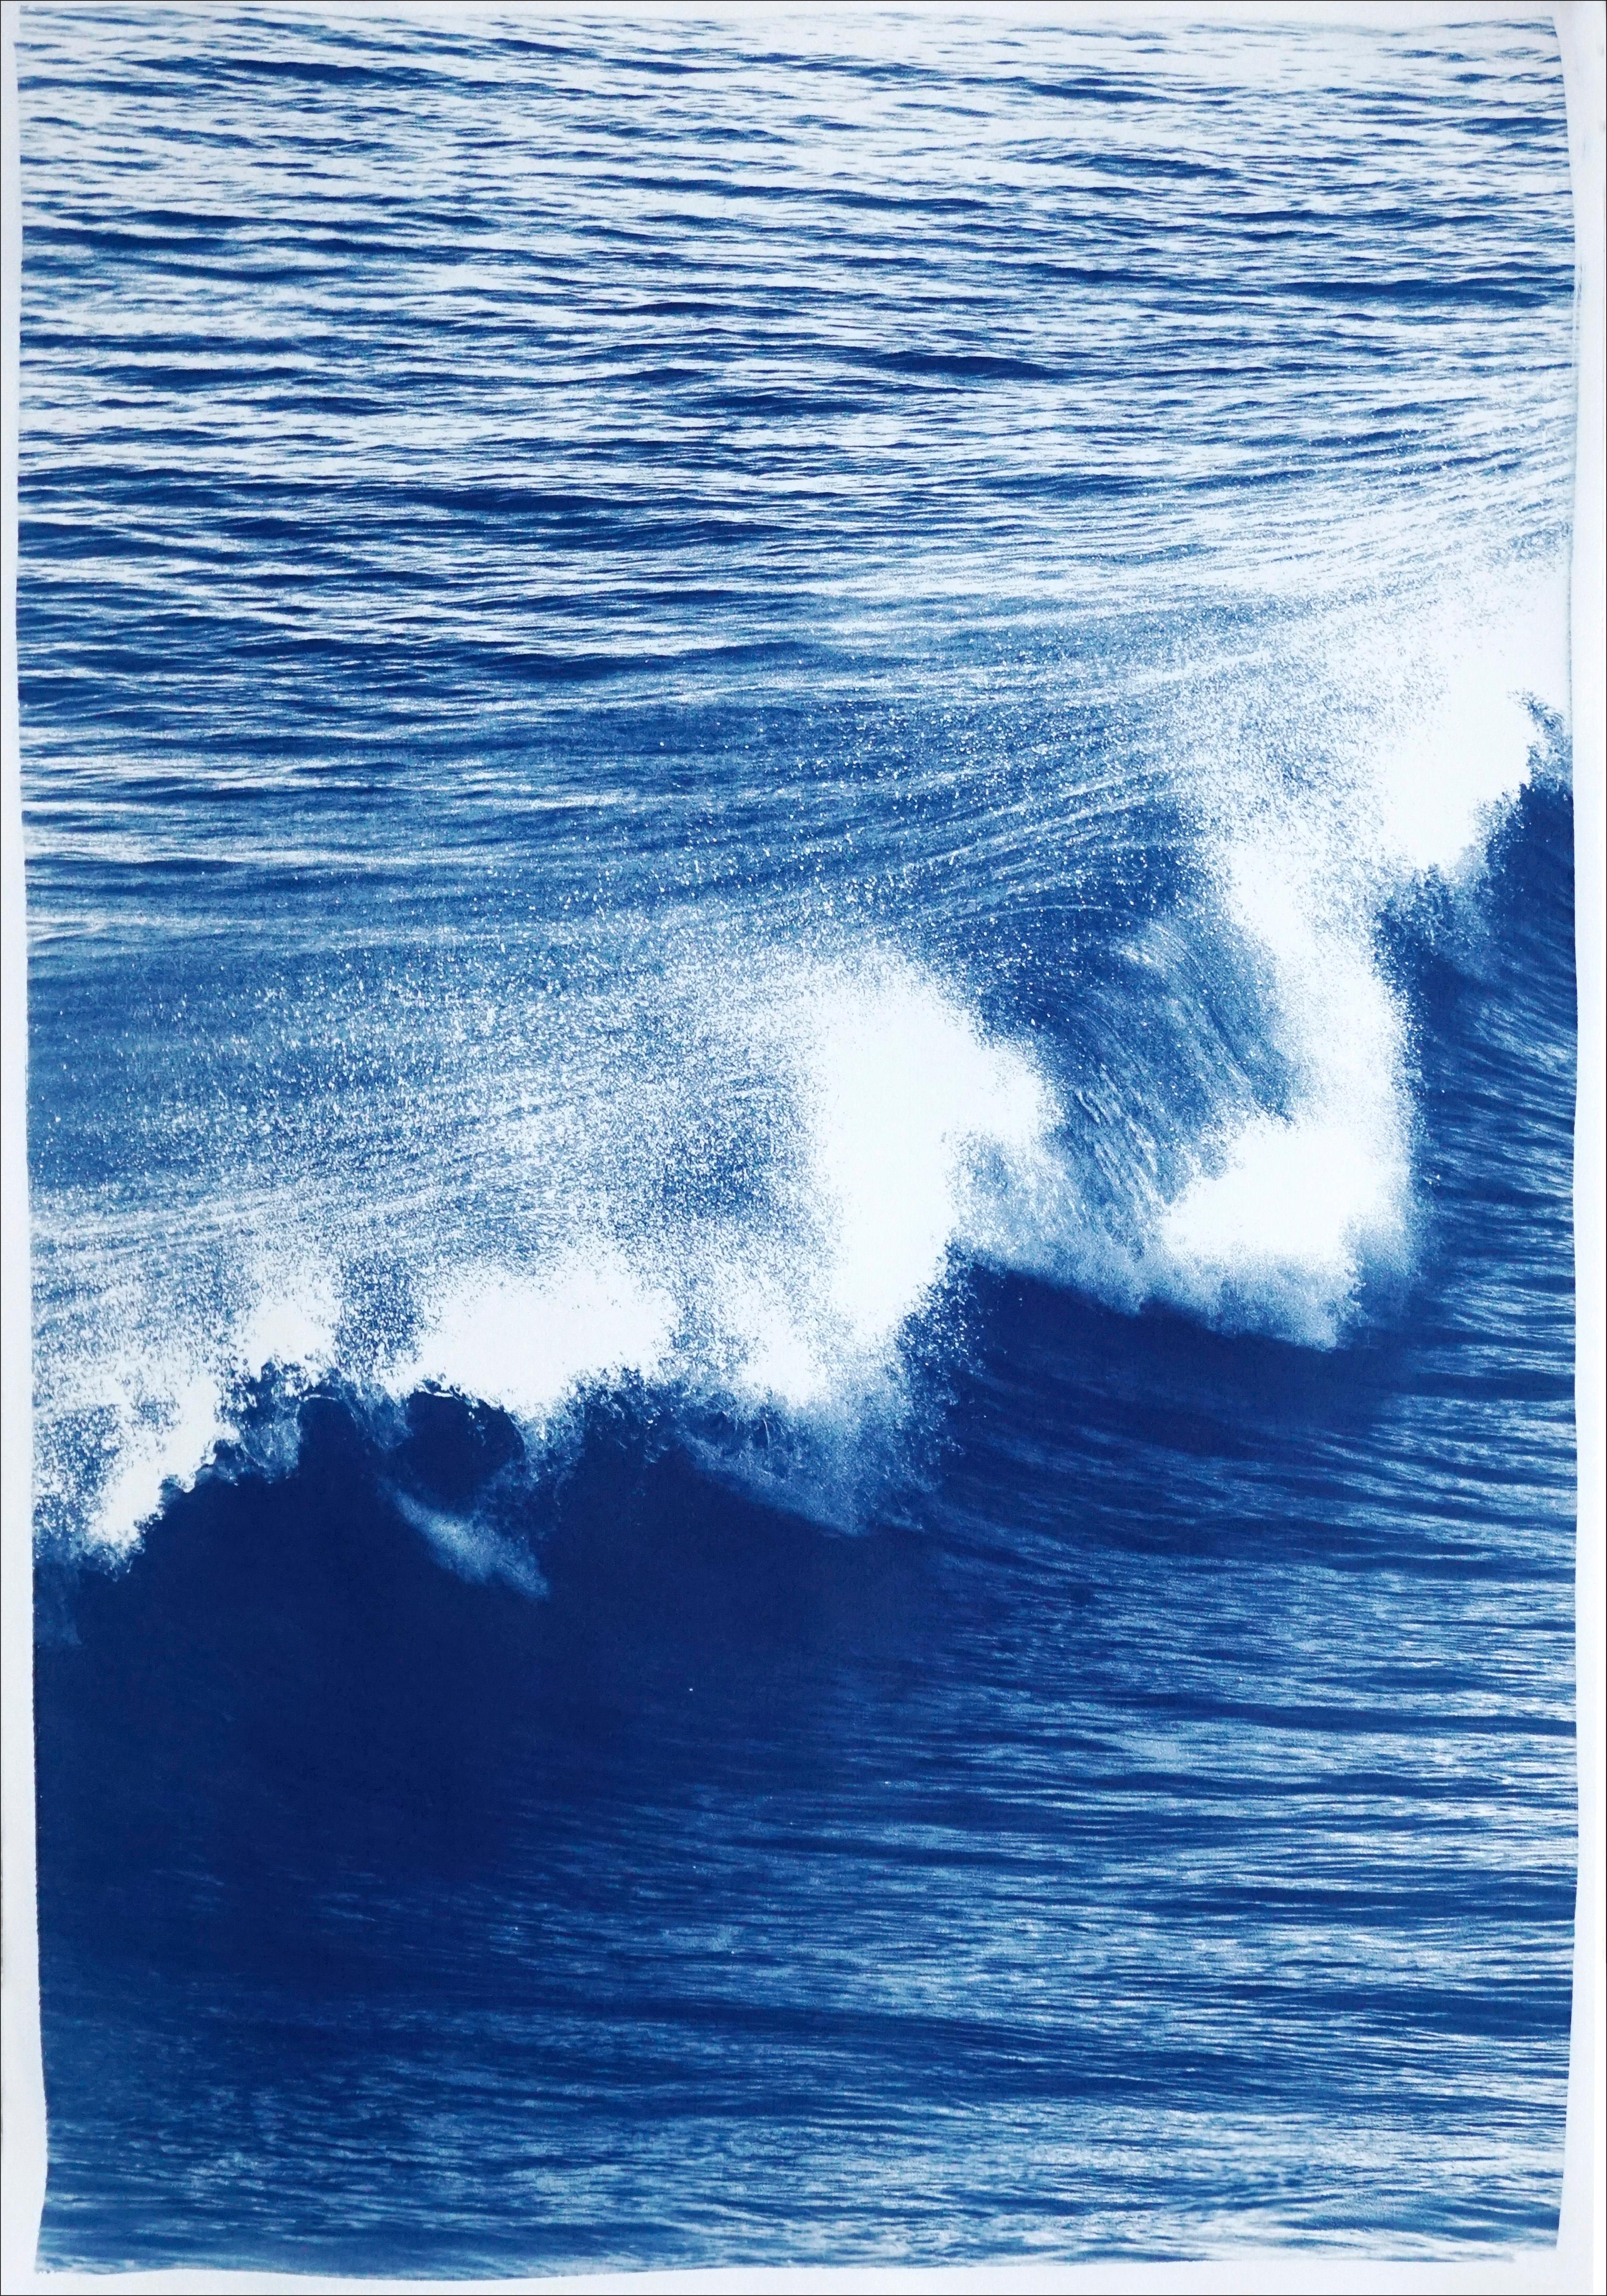 Los Angeles Crashing Waves Triptych, Nautical, Handmade Cyanotype in Blue Tones - Photorealist Print by Kind of Cyan
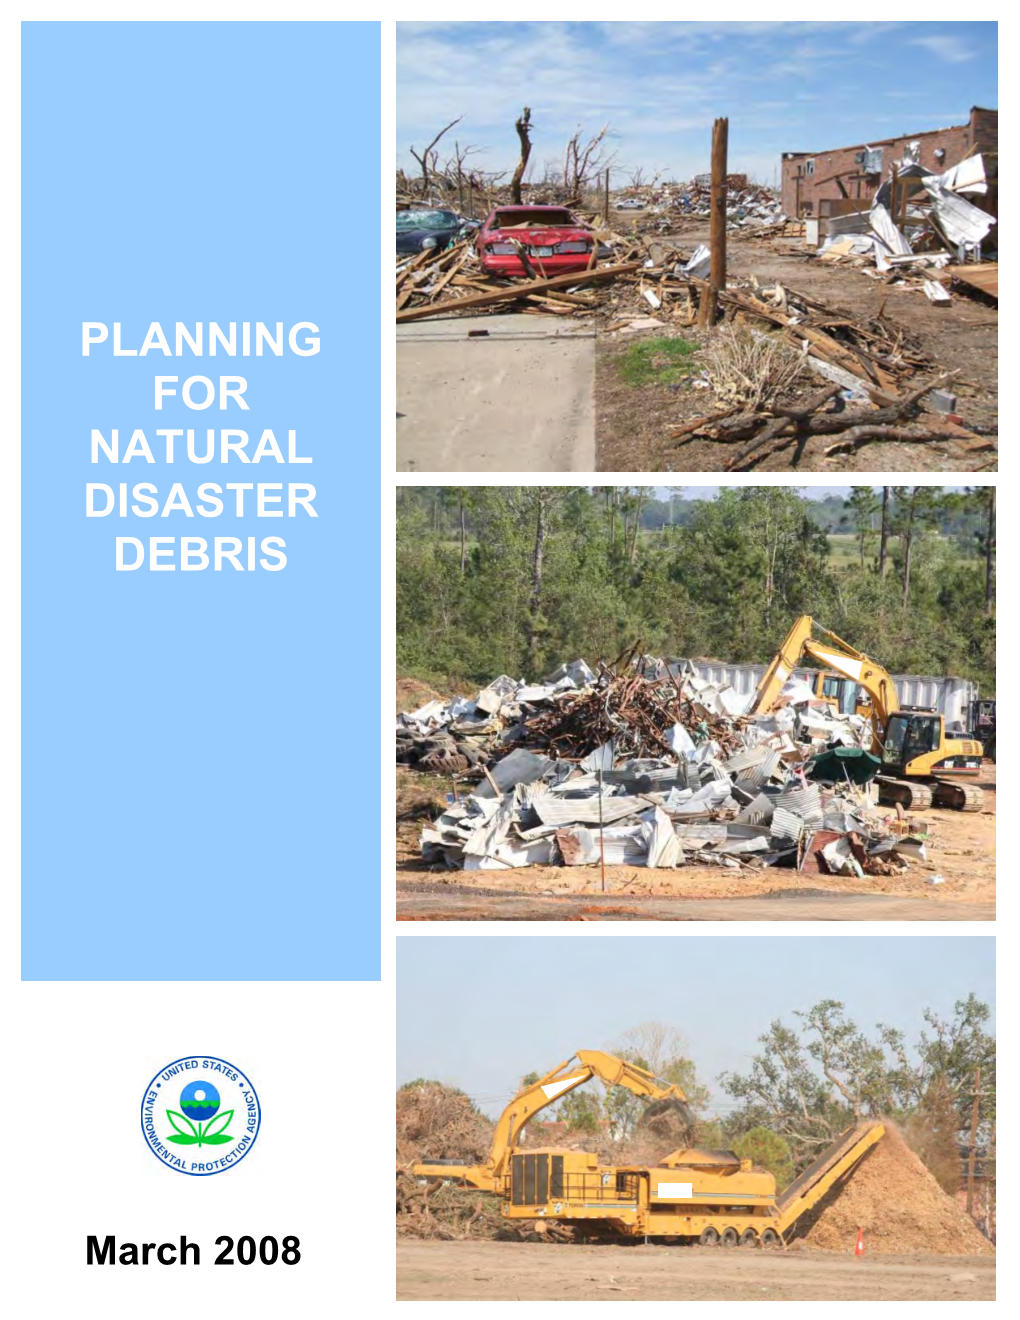 Planning for Natural Disaster Debris, March 2008
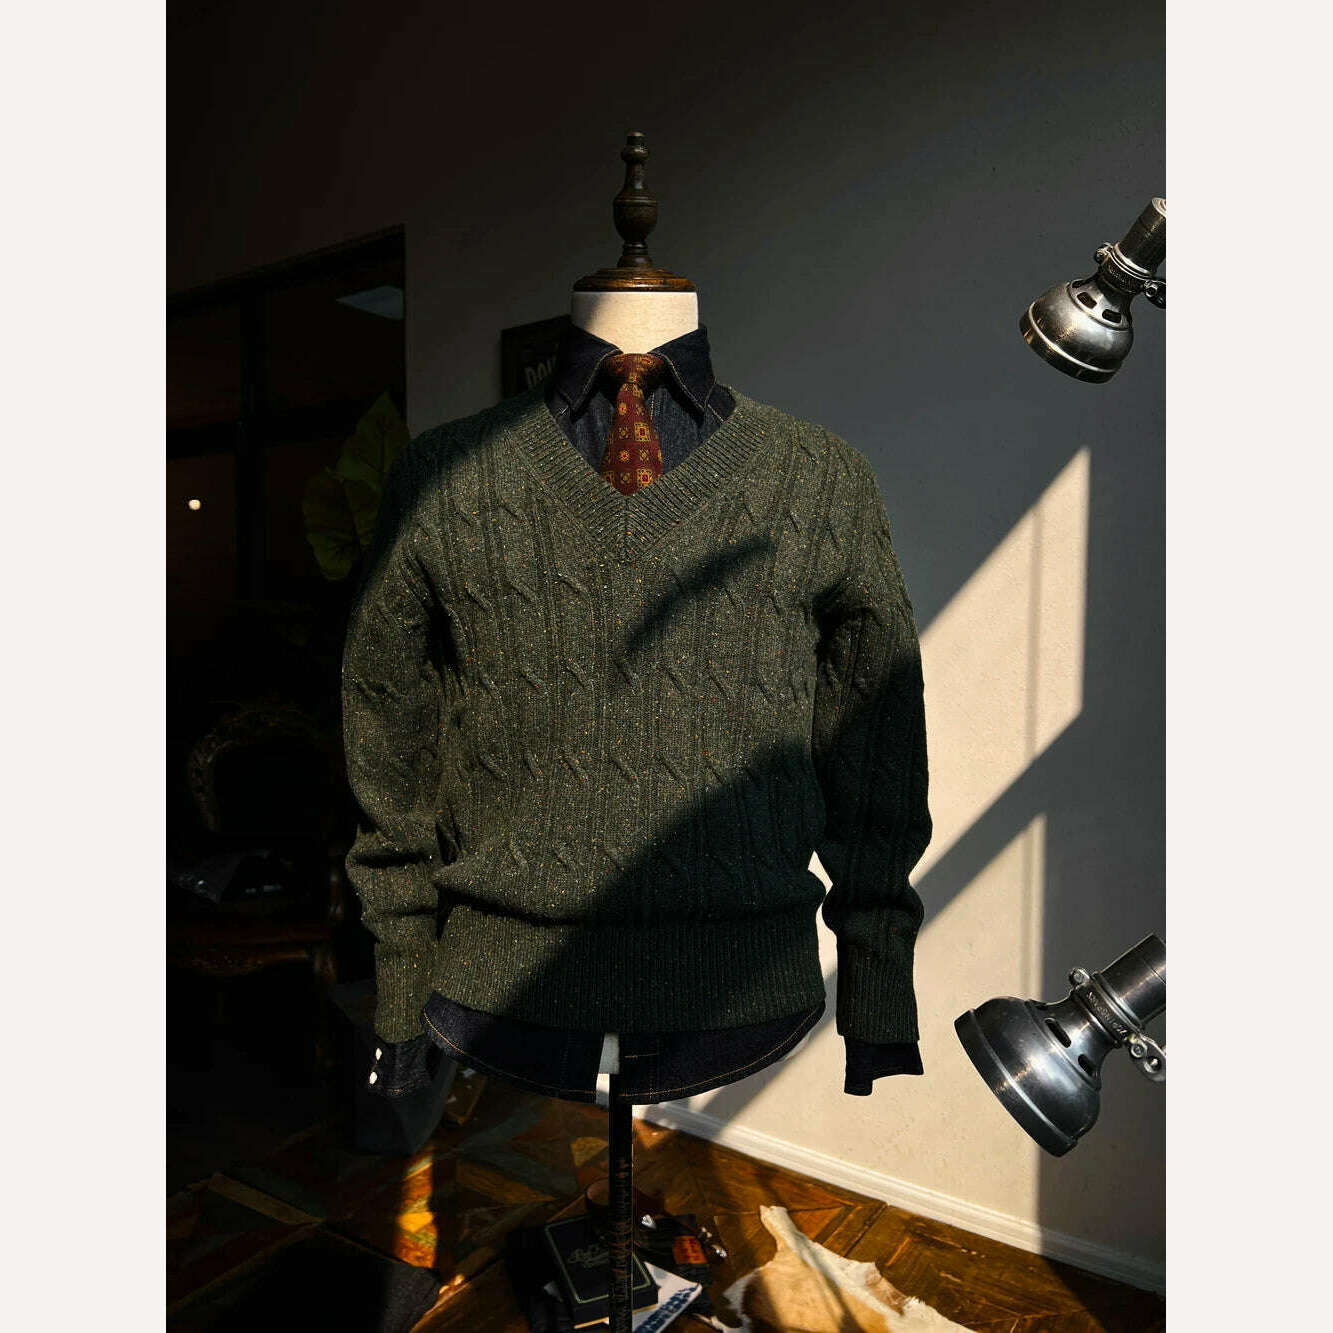 Tailor Brando Vintage V-Neck Aran Sweater 80% Australian Wool Knit Twisted Knit Pullover Sweater, KIMLUD Women's Clothes

PROBLEM TO WORK ON: Word for word and without pictures, restate only the lines running from the one that contains "Planning for Natural" through the last line of the listing above.

OUTPUT OF THE TASK:
 Planning for Natural Disaster Debris, March 2008
 Tailor Brando Vintage V-Neck Aran Sweater 80% Australian Wool Knit Twisted Knit Pullover Sweater, KIMLUD Women's Clothes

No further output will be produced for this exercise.